---- SOURCE MATERIAL

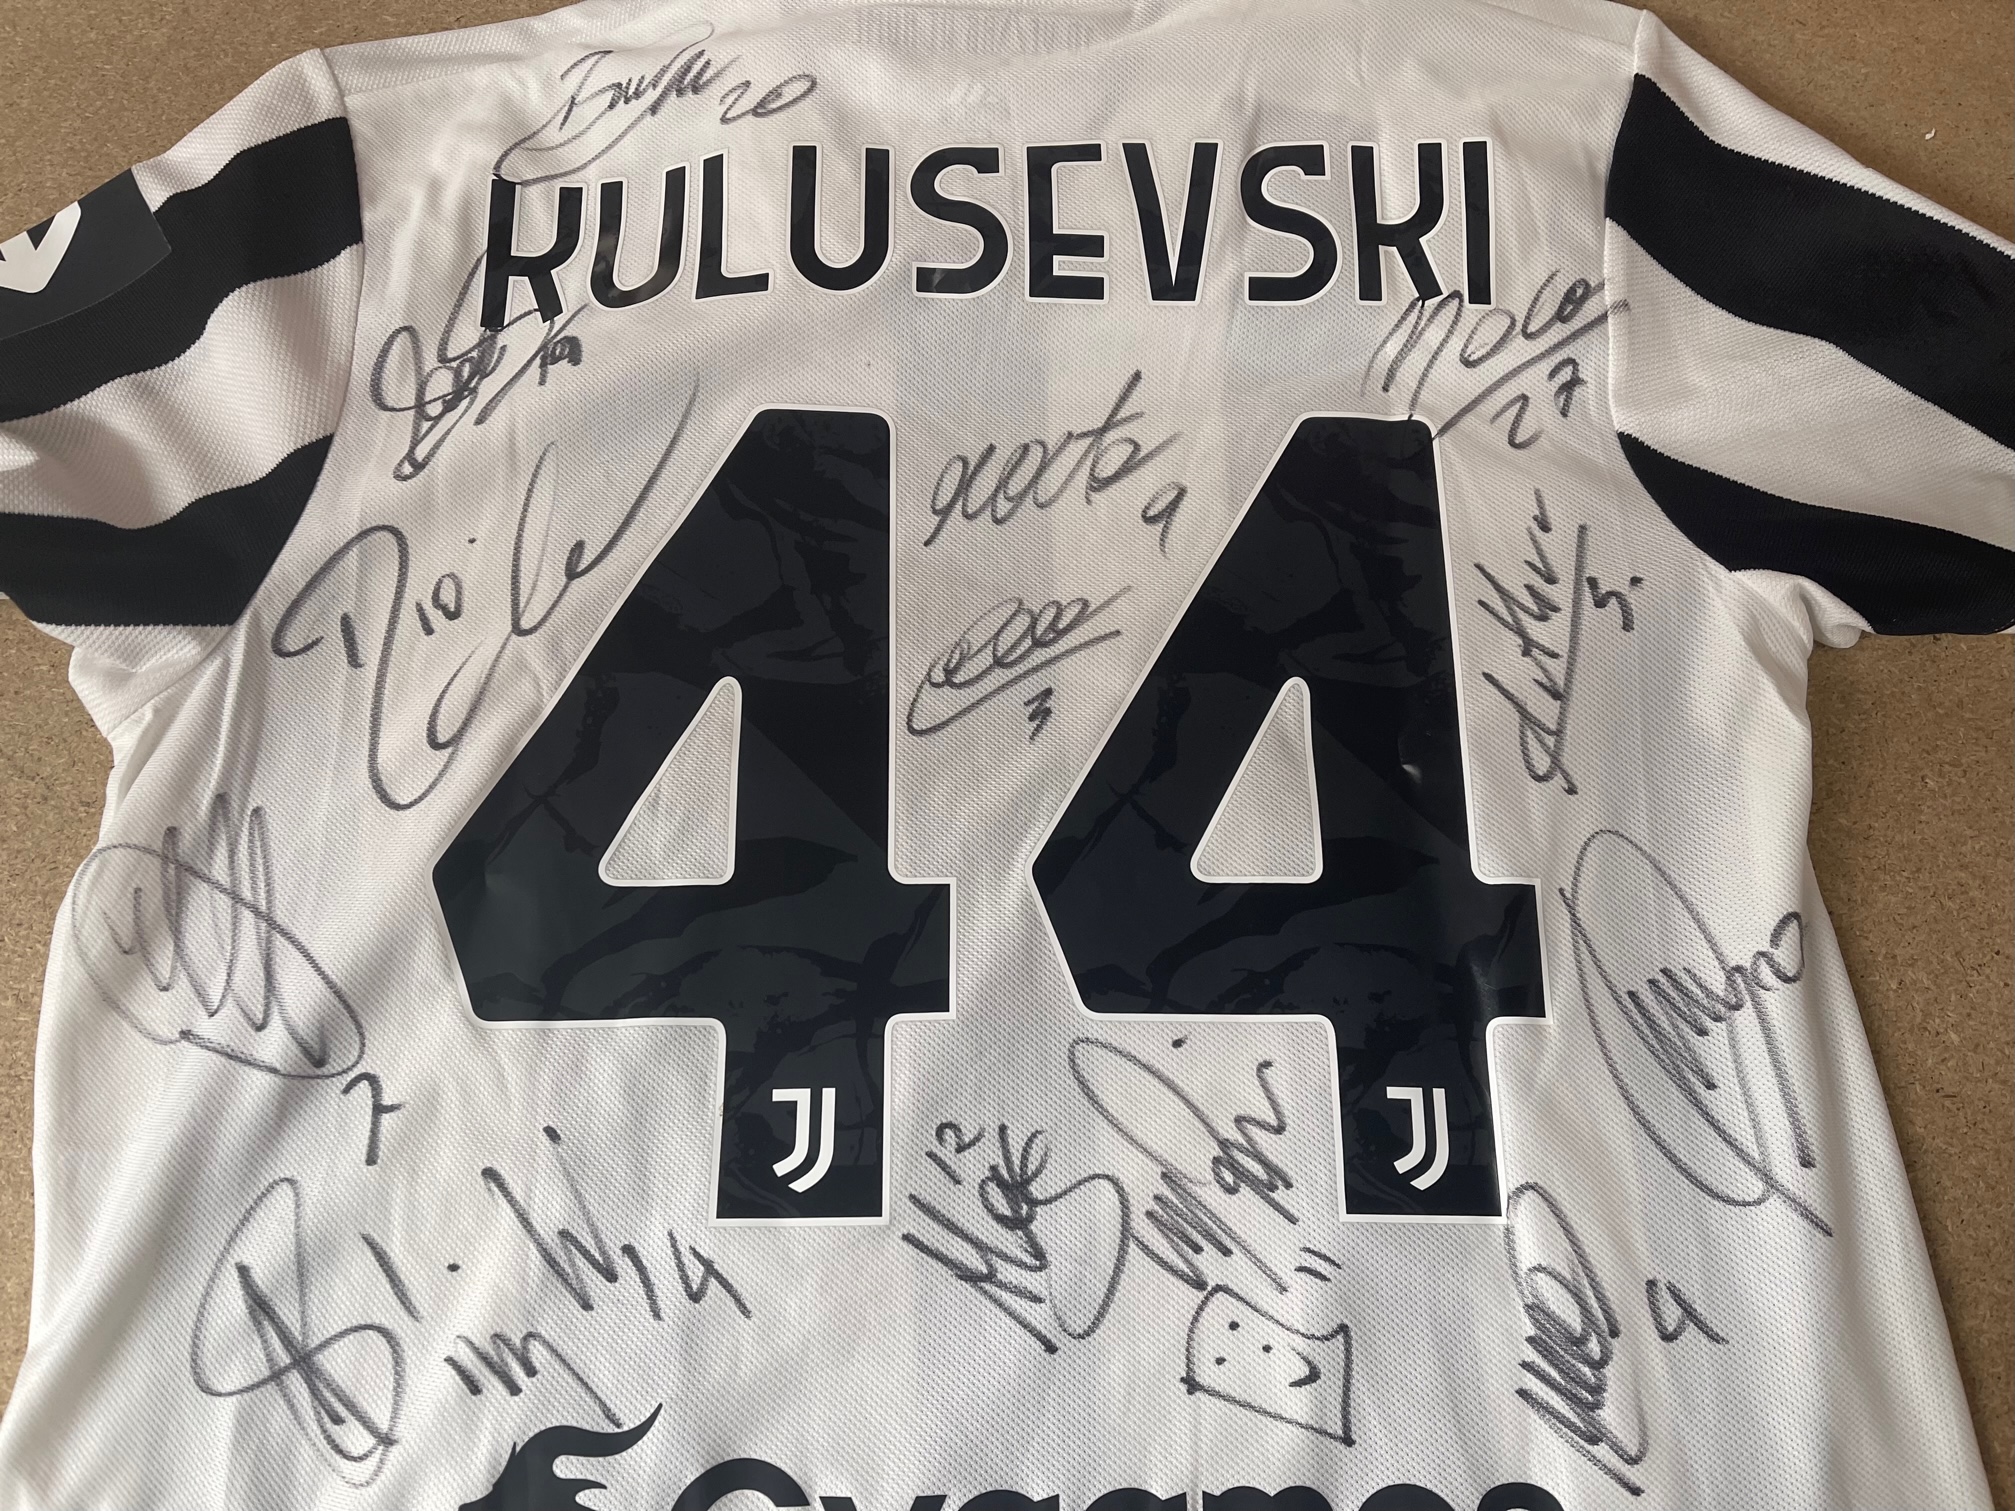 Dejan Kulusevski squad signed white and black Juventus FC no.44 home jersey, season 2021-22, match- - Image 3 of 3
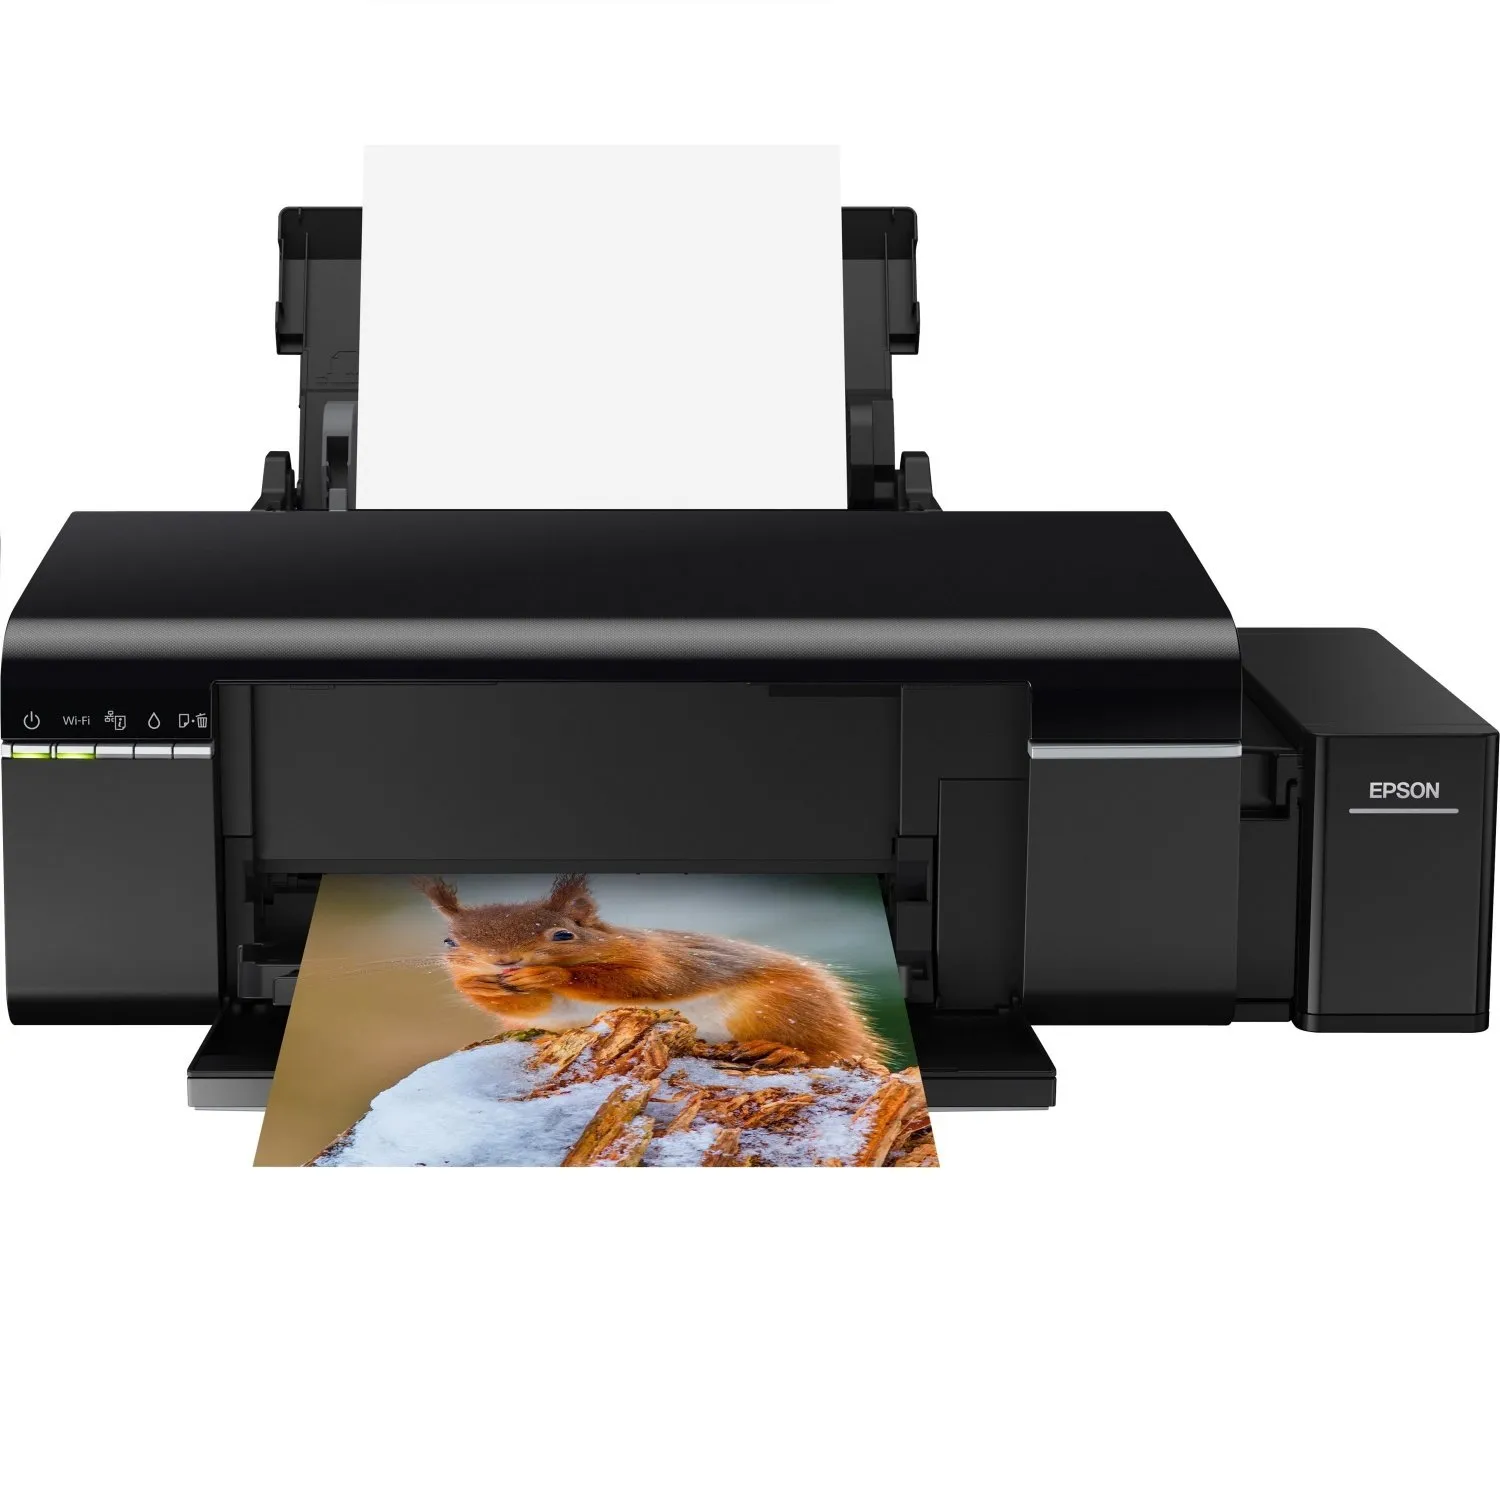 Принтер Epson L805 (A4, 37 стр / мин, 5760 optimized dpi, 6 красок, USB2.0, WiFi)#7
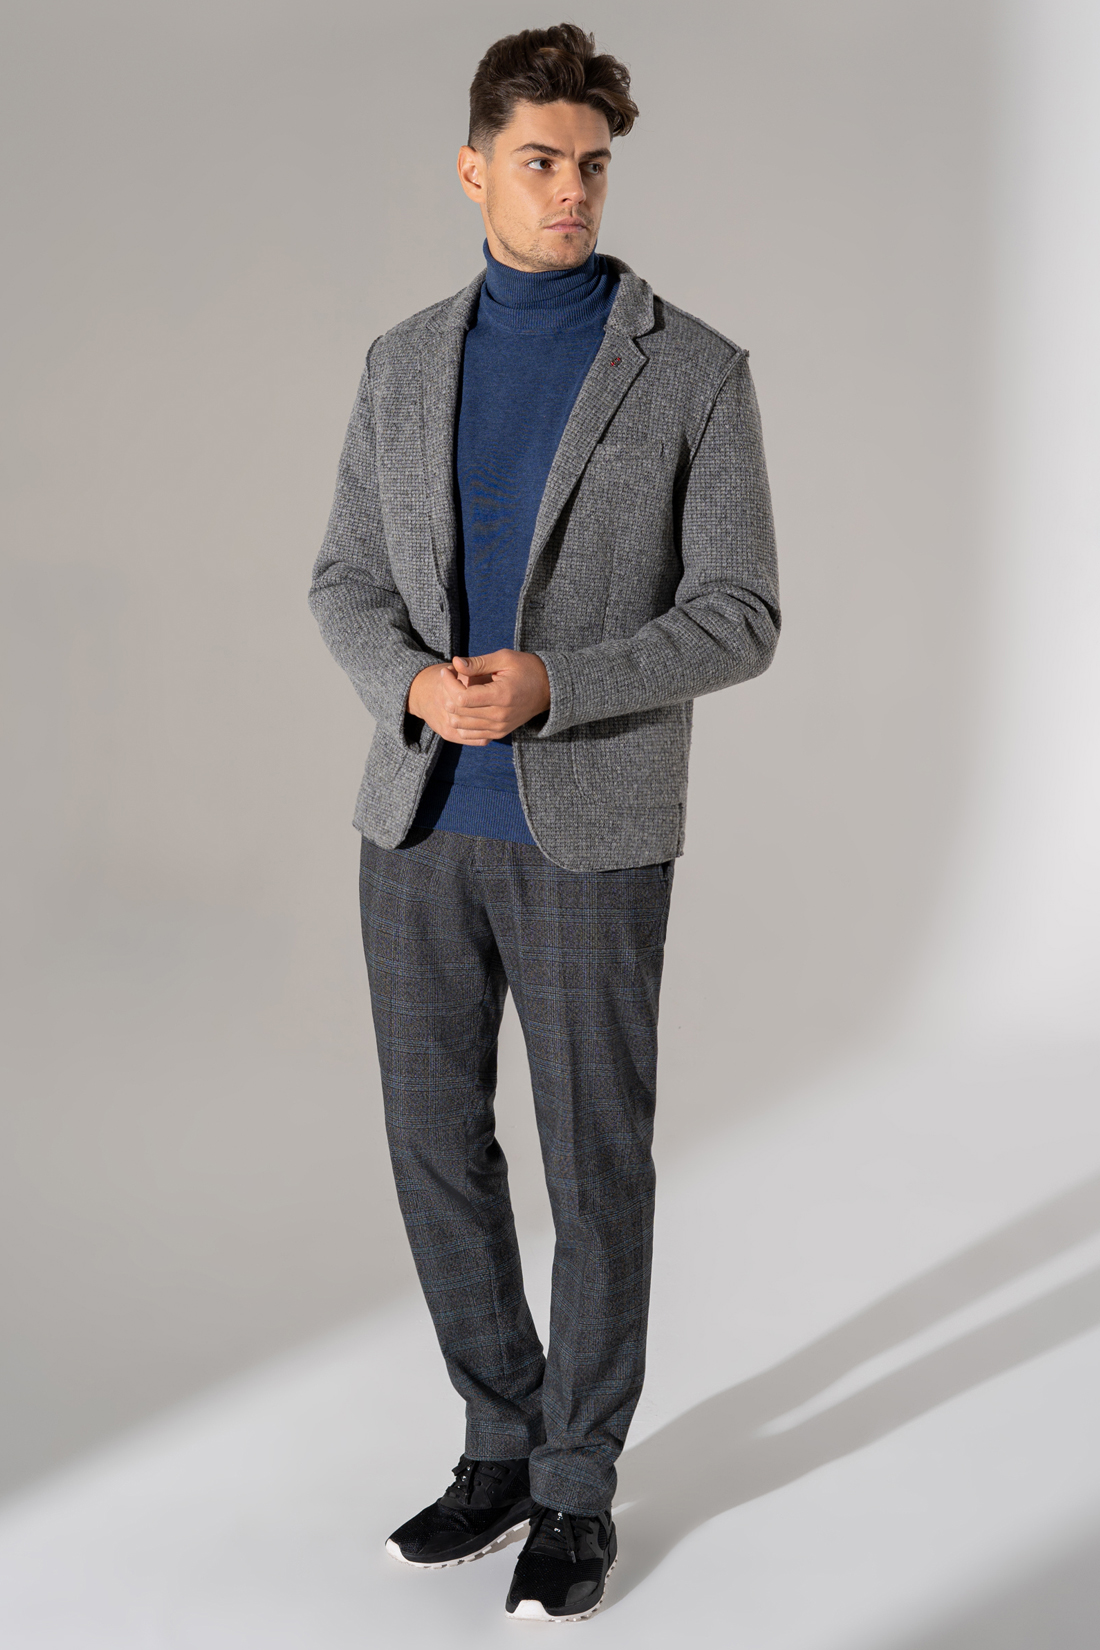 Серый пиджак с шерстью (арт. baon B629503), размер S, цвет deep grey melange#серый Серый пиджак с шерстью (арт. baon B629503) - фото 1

--------

Could you copy the listing exactly, leaving out any pictures?

▶ [RESPONSE]
 Dejan Kulusevski squad signed white and black Juventus FC no.44 home jersey, season 2021-22, match- - Image 3 of 3
 Принтер Epson L805 (A4, 37 стр / мин, 5760 optimized dpi, 6 красок, USB2.0, WiFi)#7
 Серый пиджак с шерстью (арт. baon B629503), размер S, цвет deep grey melange#серый Серый пиджак с шерстью (арт. baon B629503) - фото 1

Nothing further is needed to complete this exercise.